Git Product home page Git Product logo

gradfps's Introduction

GradFPS

The gradfps R package implements the gradient-based Fantope projection and selection algorithm, a convex formulation of sparse principal component analysis. The algorithm is based on the paper Gradient-based Sparse Principal Component Analysis with Extensions to Online Learning by Yixuan Qiu, Jing Lei, and Kathryn Roeder.

Installation

Currently gradfps has not been submitted to CRAN, but it can be installed just like any other R packages hosted on GitHub. For devtools users, the following command should work on most platforms:

library(devtools)
install_github("yixuan/gradfps")

Note that a C++ compiler that supports the C++11 standard is needed. For best performance, it is strongly suggested linking your R to the OpenBLAS library for matrix computation. You can achieve this with the help of the ropenblas package.

Example

Here we compare our implementation with the original ADMM-based algorithm (via the package fps developed by Vincent Vu).

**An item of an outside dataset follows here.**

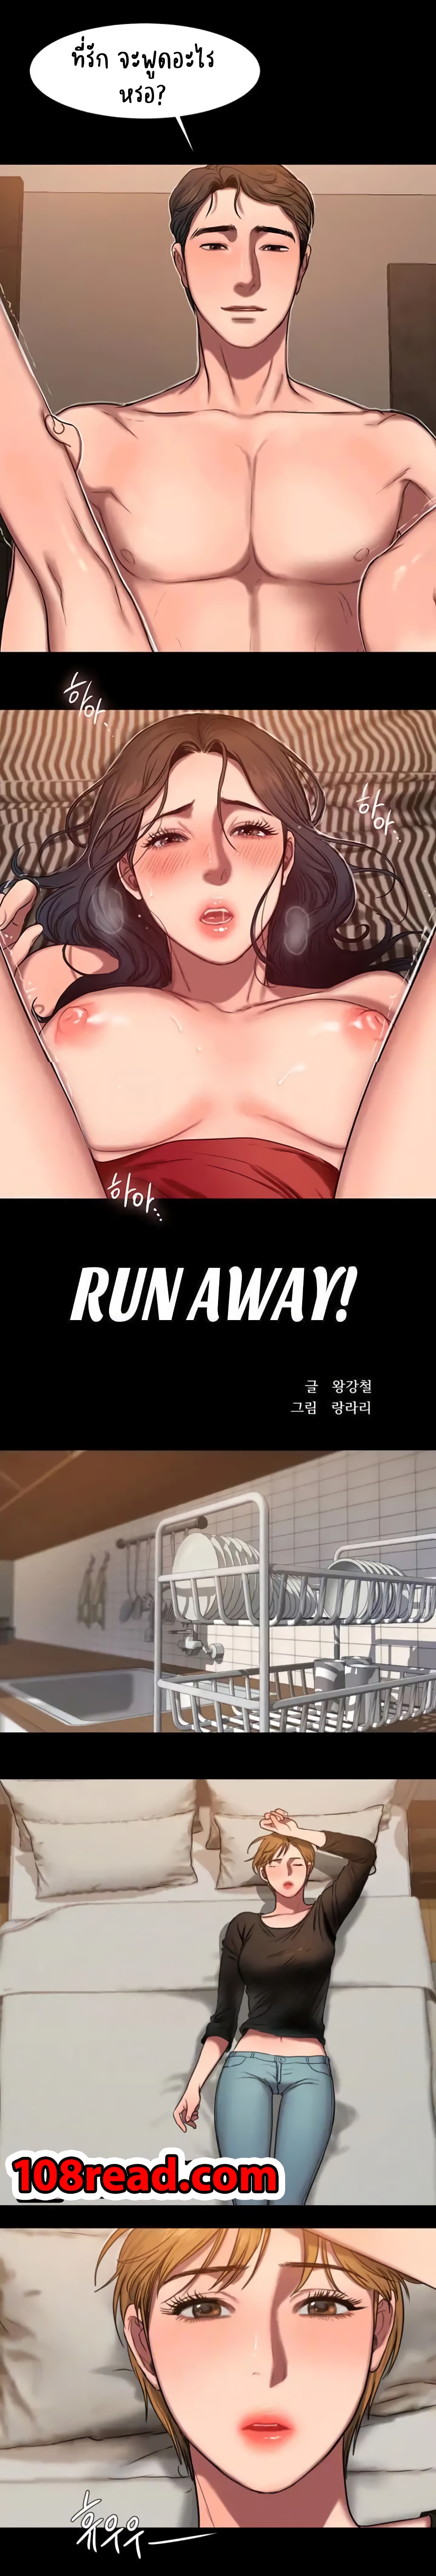 Run away 8 (2)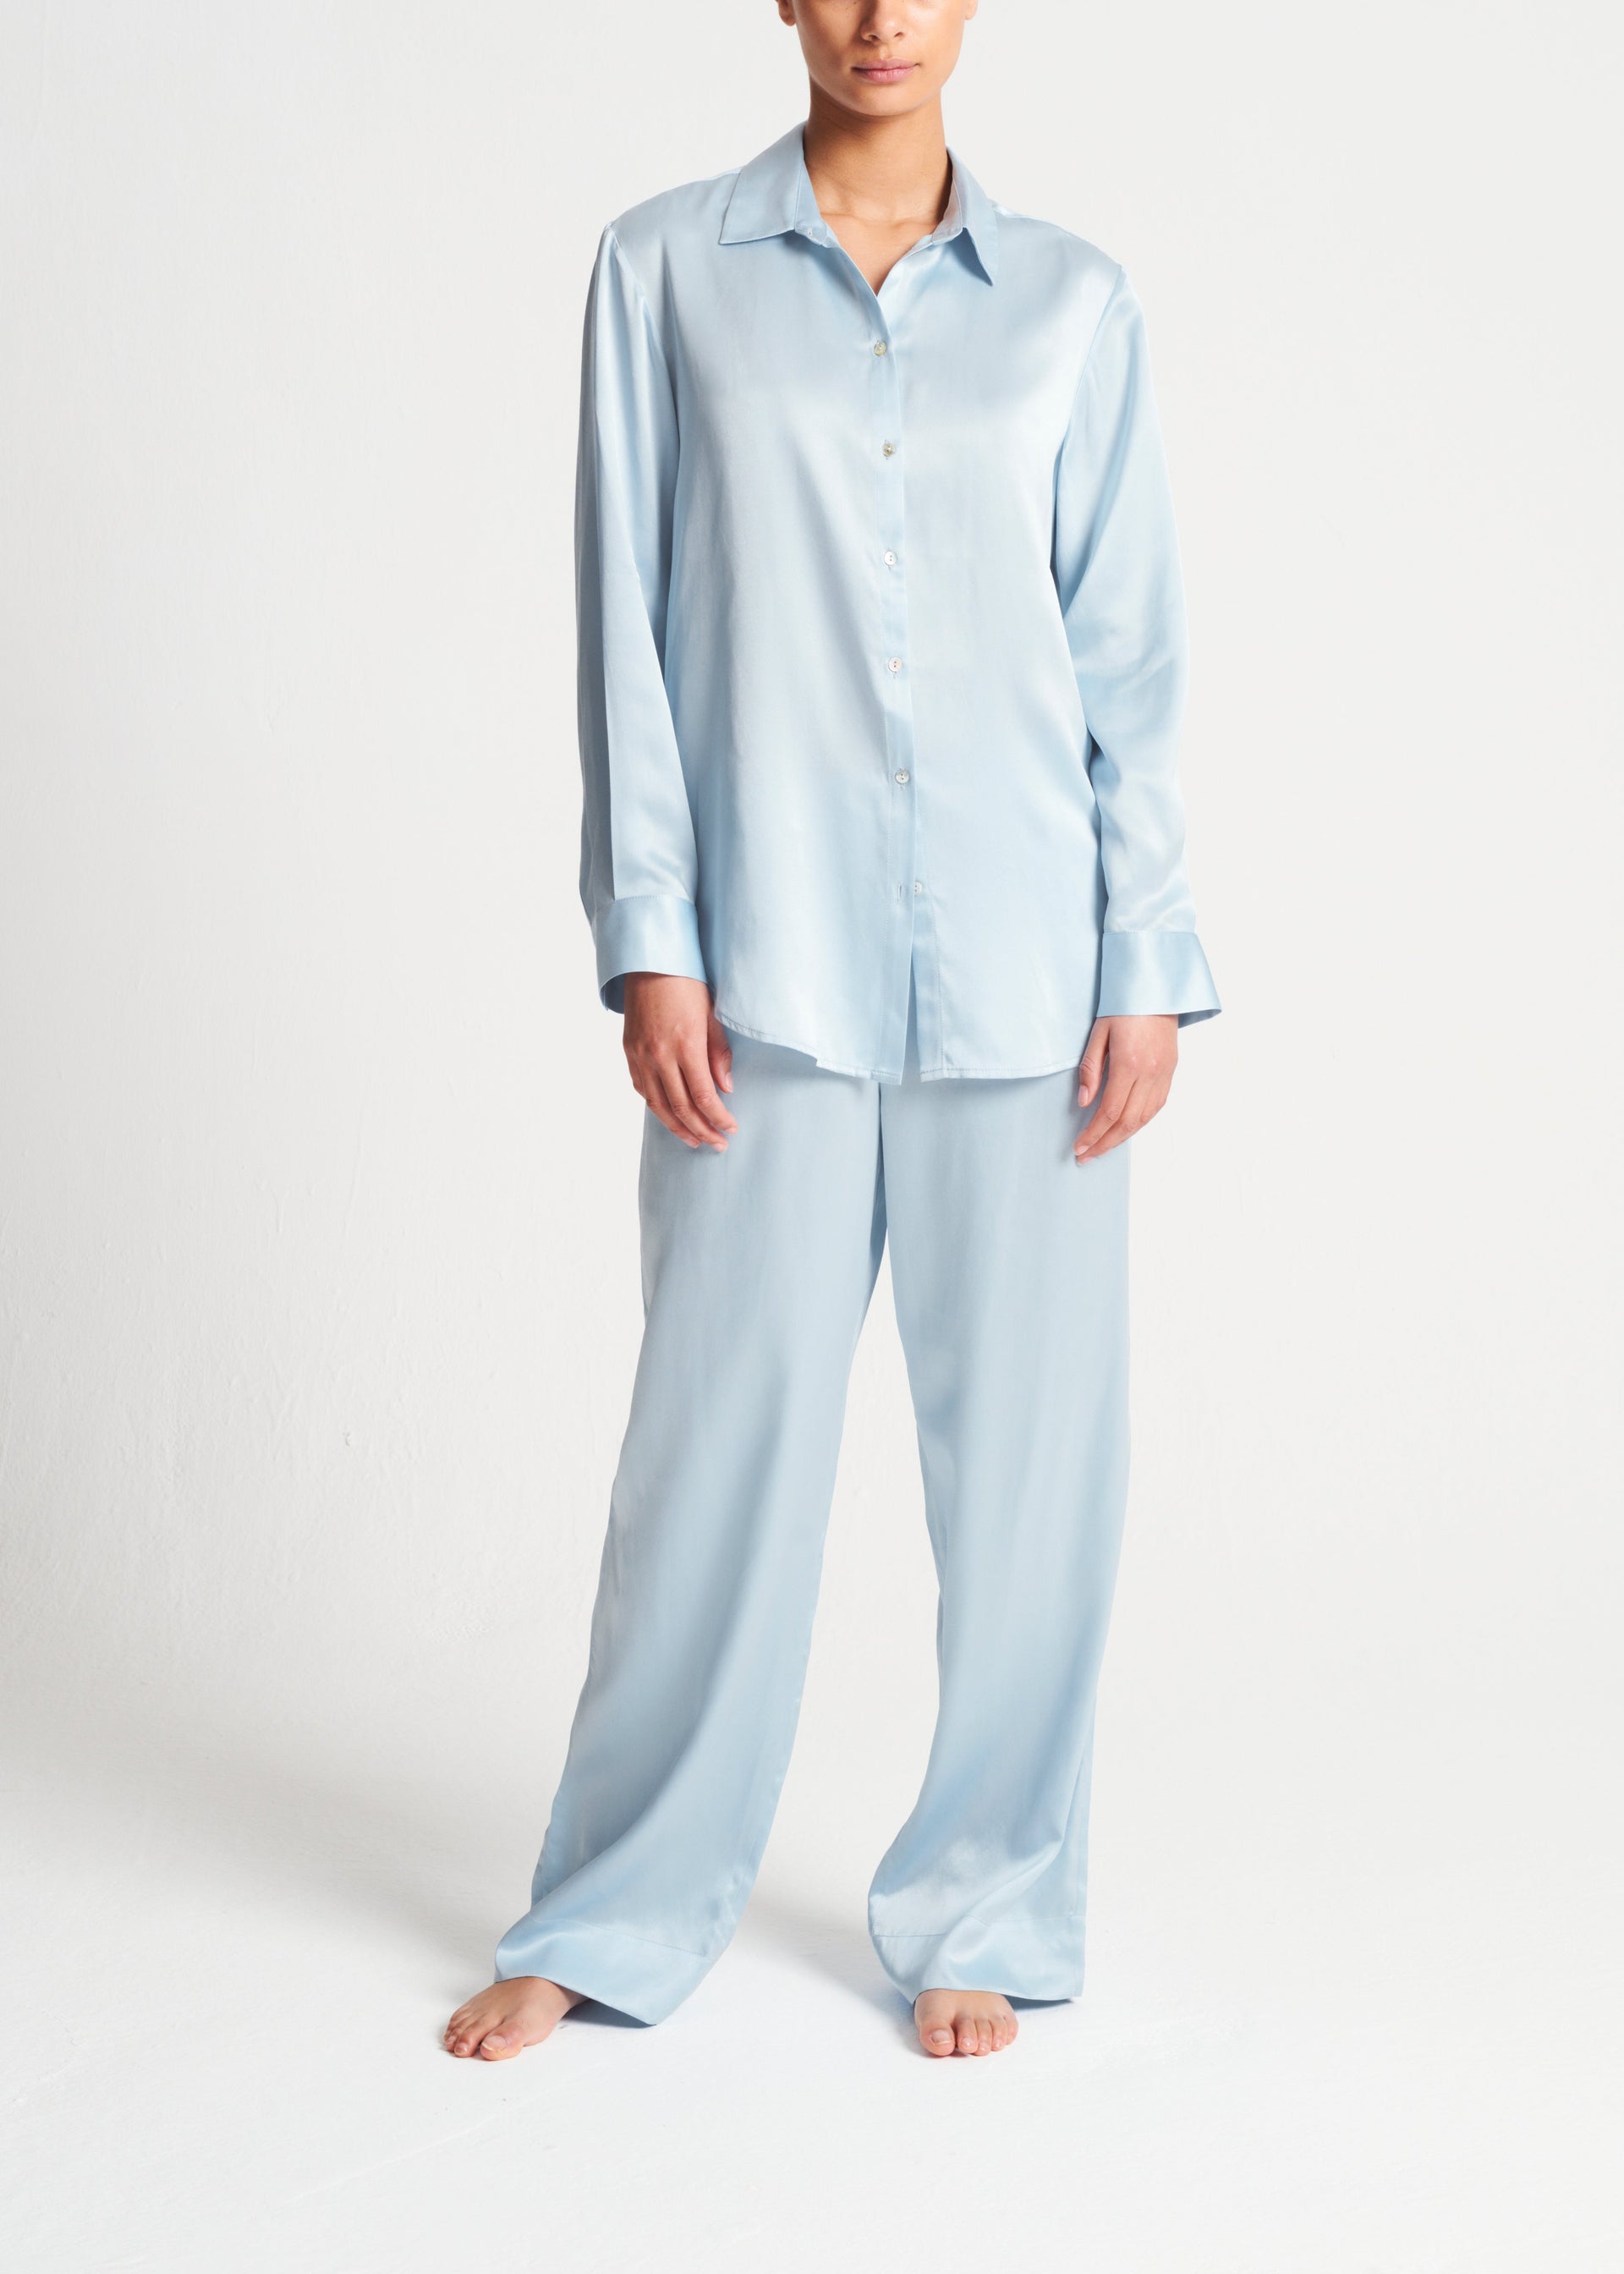 London Pyjama Bottom Sky Blue Silk Charmeuse

Note that for a fair comparison, I added a new function fps_benchmark() to the original fps package, and the example below requires the installation of my modified version:

devtools::install_github("yixuan/fps")

And then run the example code:

library(gradfps)
library(fps)  # The modified version
library(RSpectra)
library(mvtnorm)
library(Matrix)
library(ggplot2)

n = 200
p = 800
d1 = 20  # first group
d2 = 15  # second group

# Generate covariance matrices
# Simulate eigenvectors
set.seed(123)
ev = matrix(rnorm(p^2), p, p)
ev[, 1:2] = 0
ev[1:d1, 1] = runif(d1, 0.9 / sqrt(d1), 1.1 / sqrt(d1))
ev[(d1 + 1):(d1 + d2), 2] = runif(d2, 0.9 / sqrt(d2), 1.1 / sqrt(d2))
ev = qr.Q(qr(ev))
# Simulate eigenvalues
sigmas = c(12, 6, runif(p - 2, 0, 2))
# True covariance
Sigma = ev %*% diag(sigmas) %*% t(ev)

# Visualization of the true covariance matrix
view_matrix(Sigma[1:100, 1:100], legend_title = "True\nCovariance\nMatrix")

True covariance matrix

# Eigenvectors
d = 5
V = eigs_sym(Sigma, d)$vectors
Pi = tcrossprod(V[, 1:2])

# Visualization of the true eigenvectors
view_evec(-V[1:200, ], asp = 0.4, bar_height = 8)

True eigenvectors

# Generate data
set.seed(123)
z = rmvnorm(n, sigma = Sigma)
Smat = crossprod(z) / n

d = 2
lambda = 0.5 * sqrt(log(p) / n)
e = eigs_sym(Smat, d, which = "LA")
# Initial value, should be noisy
x0 = tcrossprod(e$vectors)

# ADMM FPS
res_fps = fps::fps_benchmark(
    Smat, d, lambda, x0, Pi, rho = -1, maxiter = 60, tolerance = 1e-3, verbose = 0
)
# Verify the result
view_matrix(res_fps$projection[1:100, 1:100], legend_title = "ADMM-FPS\nProjection\nMatrix")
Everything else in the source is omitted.